Collected data:
|---|
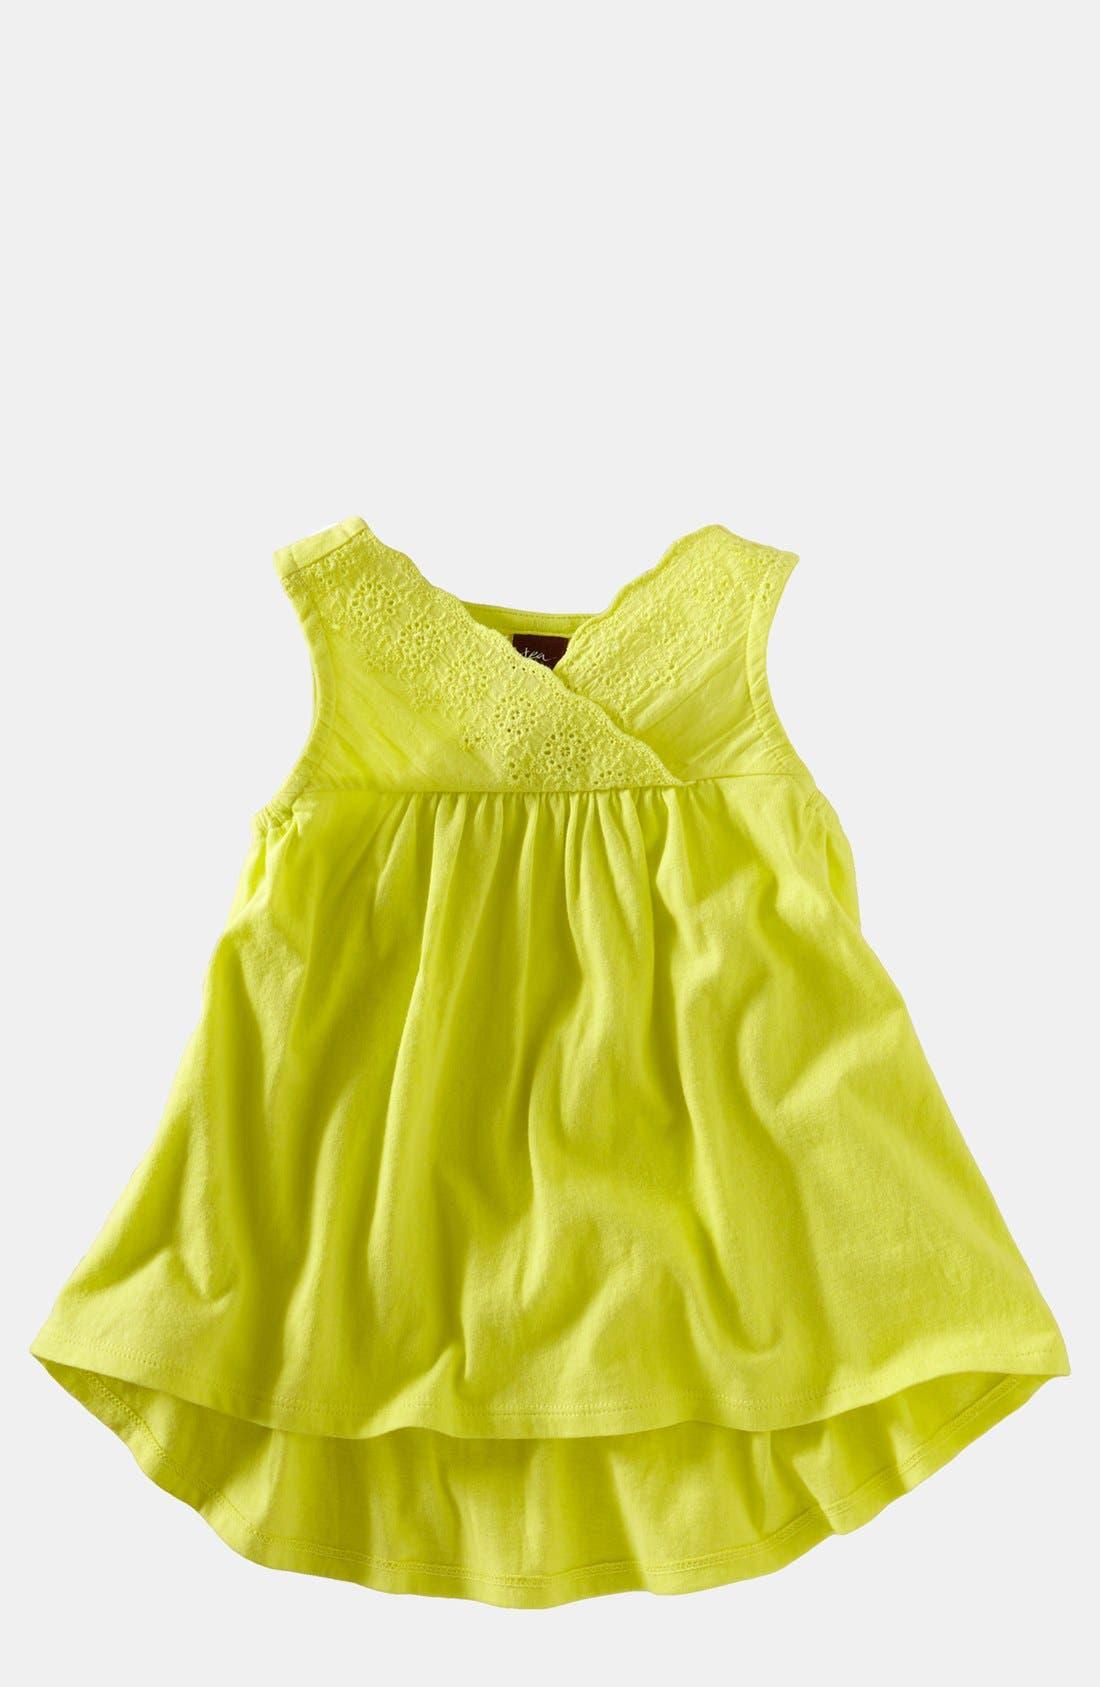 Alternate Image 1 Selected - Tea Collection Sleeveless Top (Little Girls & Big Girls)
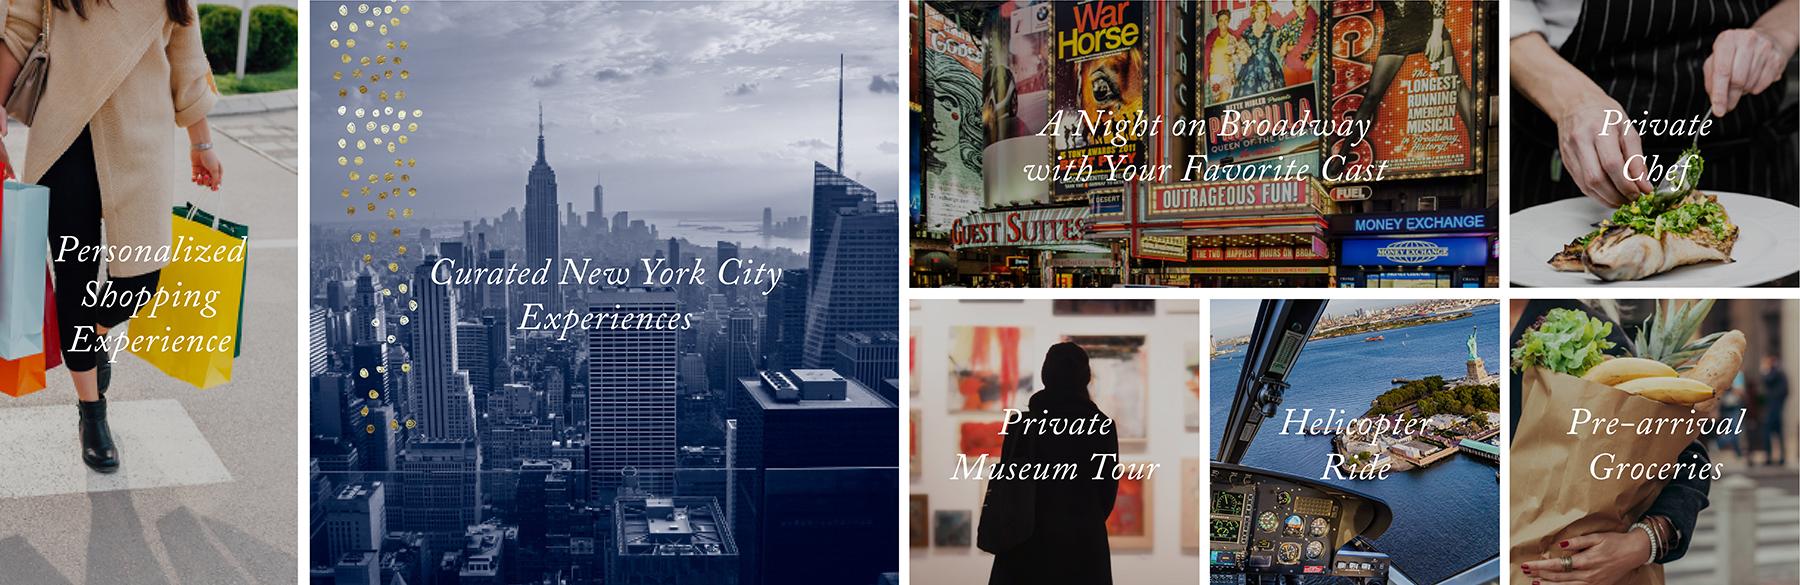 KEY New York City
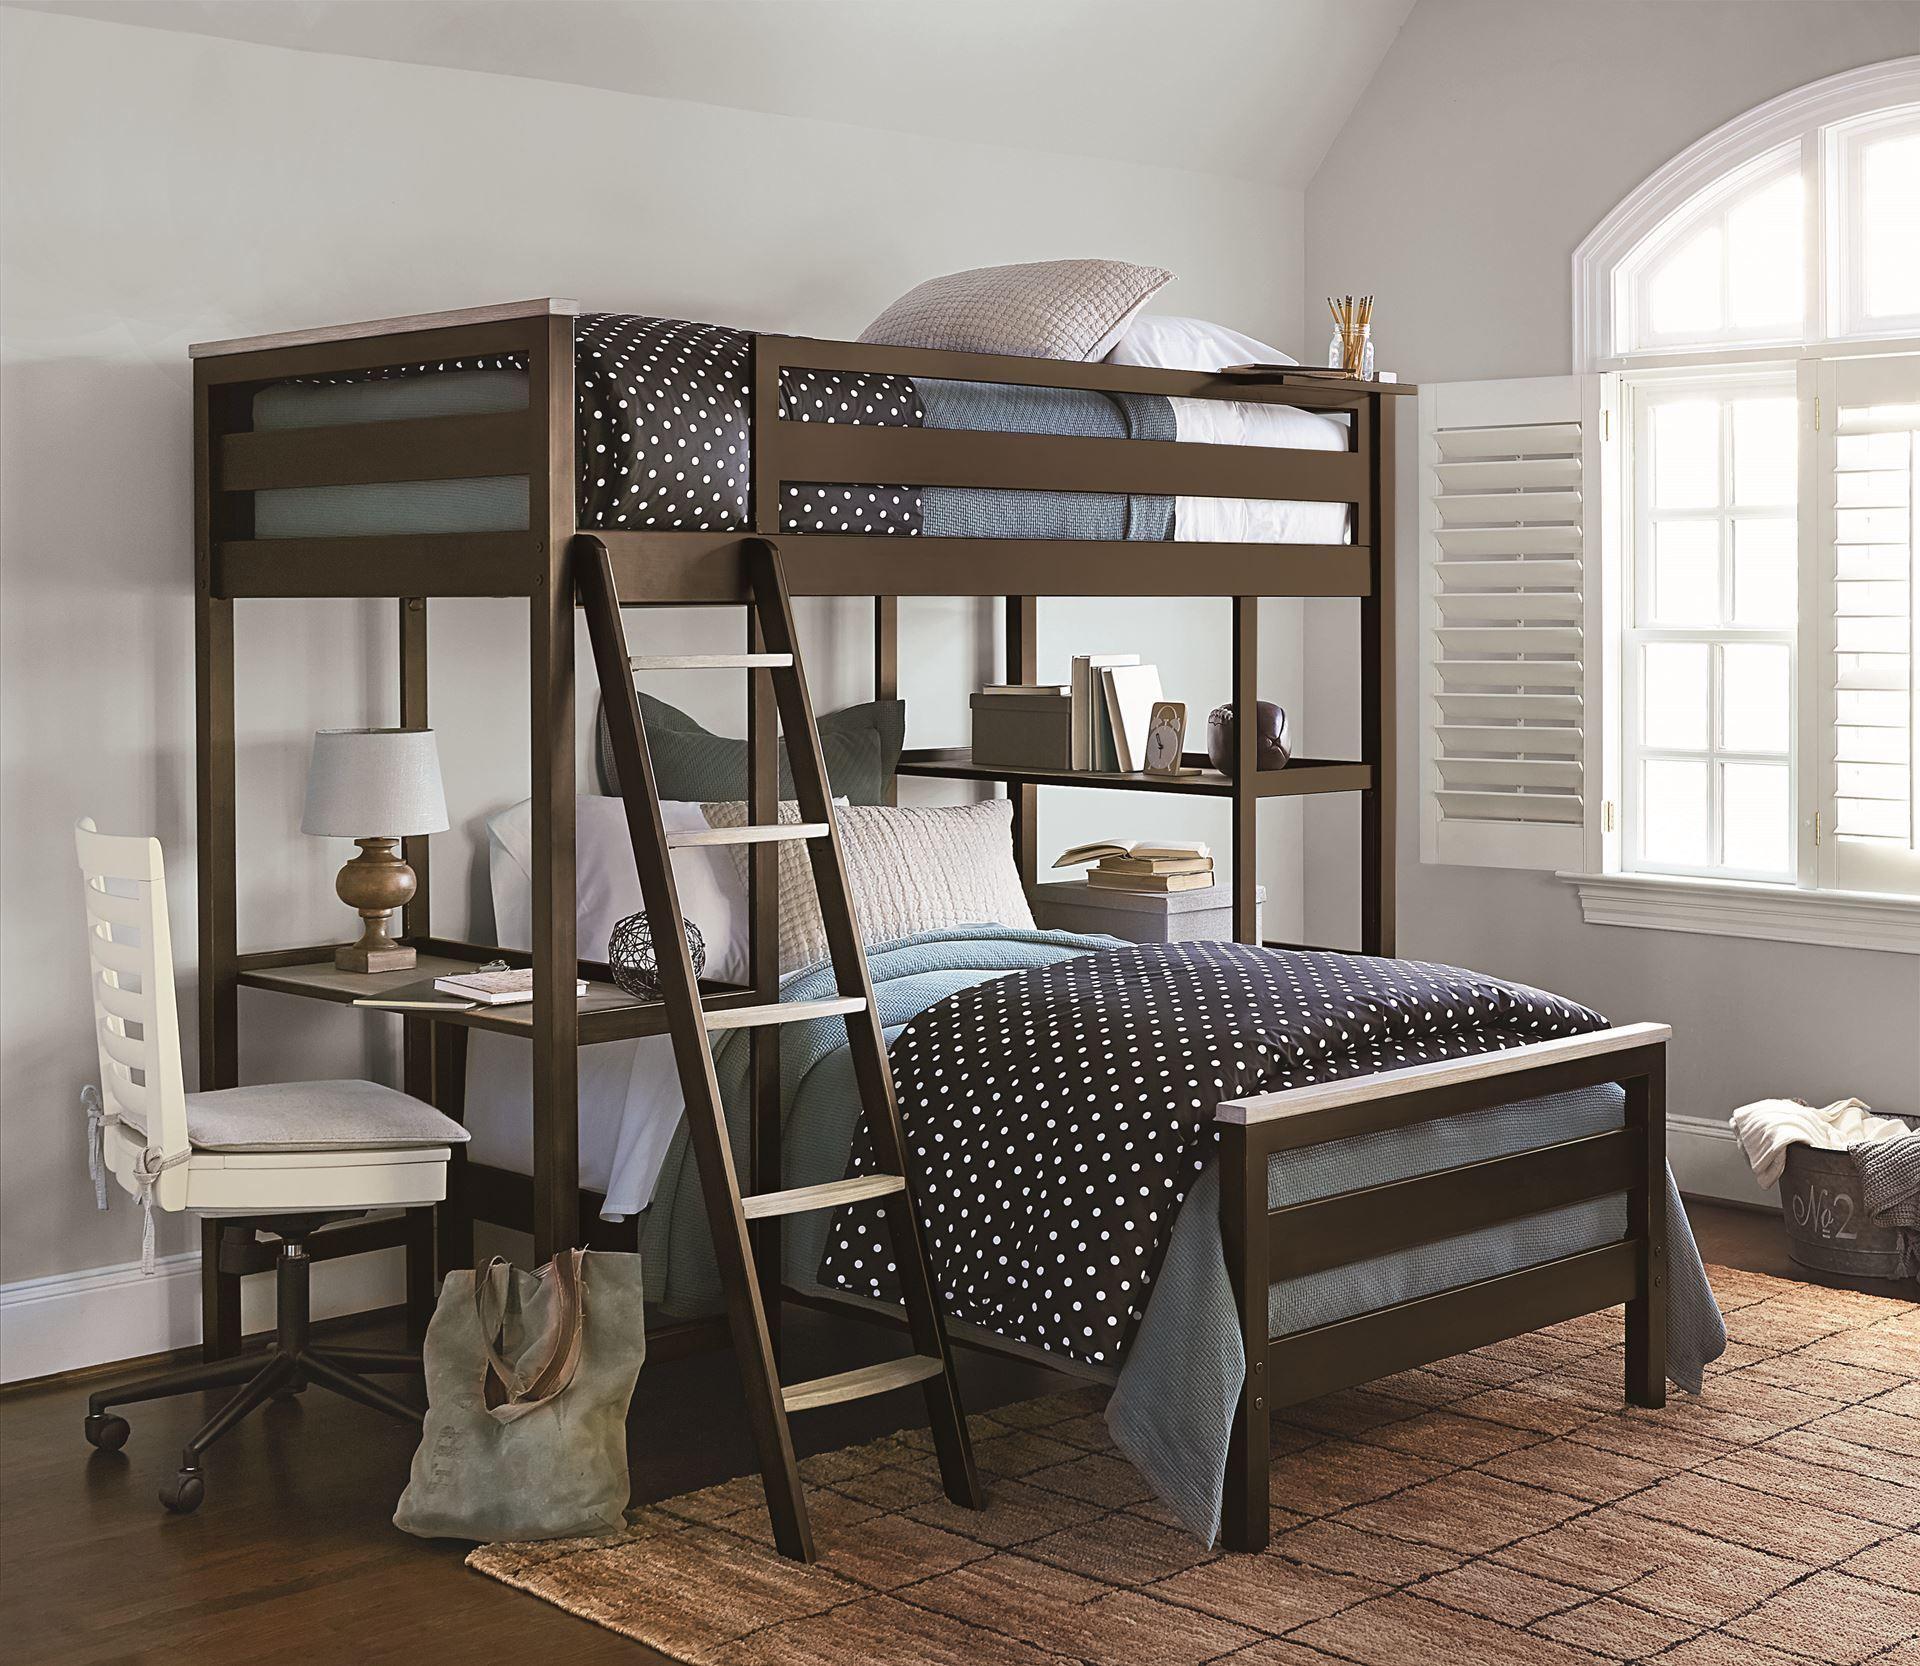 myRoom Bunk Bedroom Set (Parchment/ Gray) in 2020 Loft
|---|
Task details: All lines of the material above should be returned unchanged, but no pictures should be included.

Exercise output:
 Alternate Image 1 Selected - Tea Collection Sleeveless Top (Little Girls & Big Girls)
 KEY New York City
 myRoom Bunk Bedroom Set (Parchment/ Gray) in 2020 Loft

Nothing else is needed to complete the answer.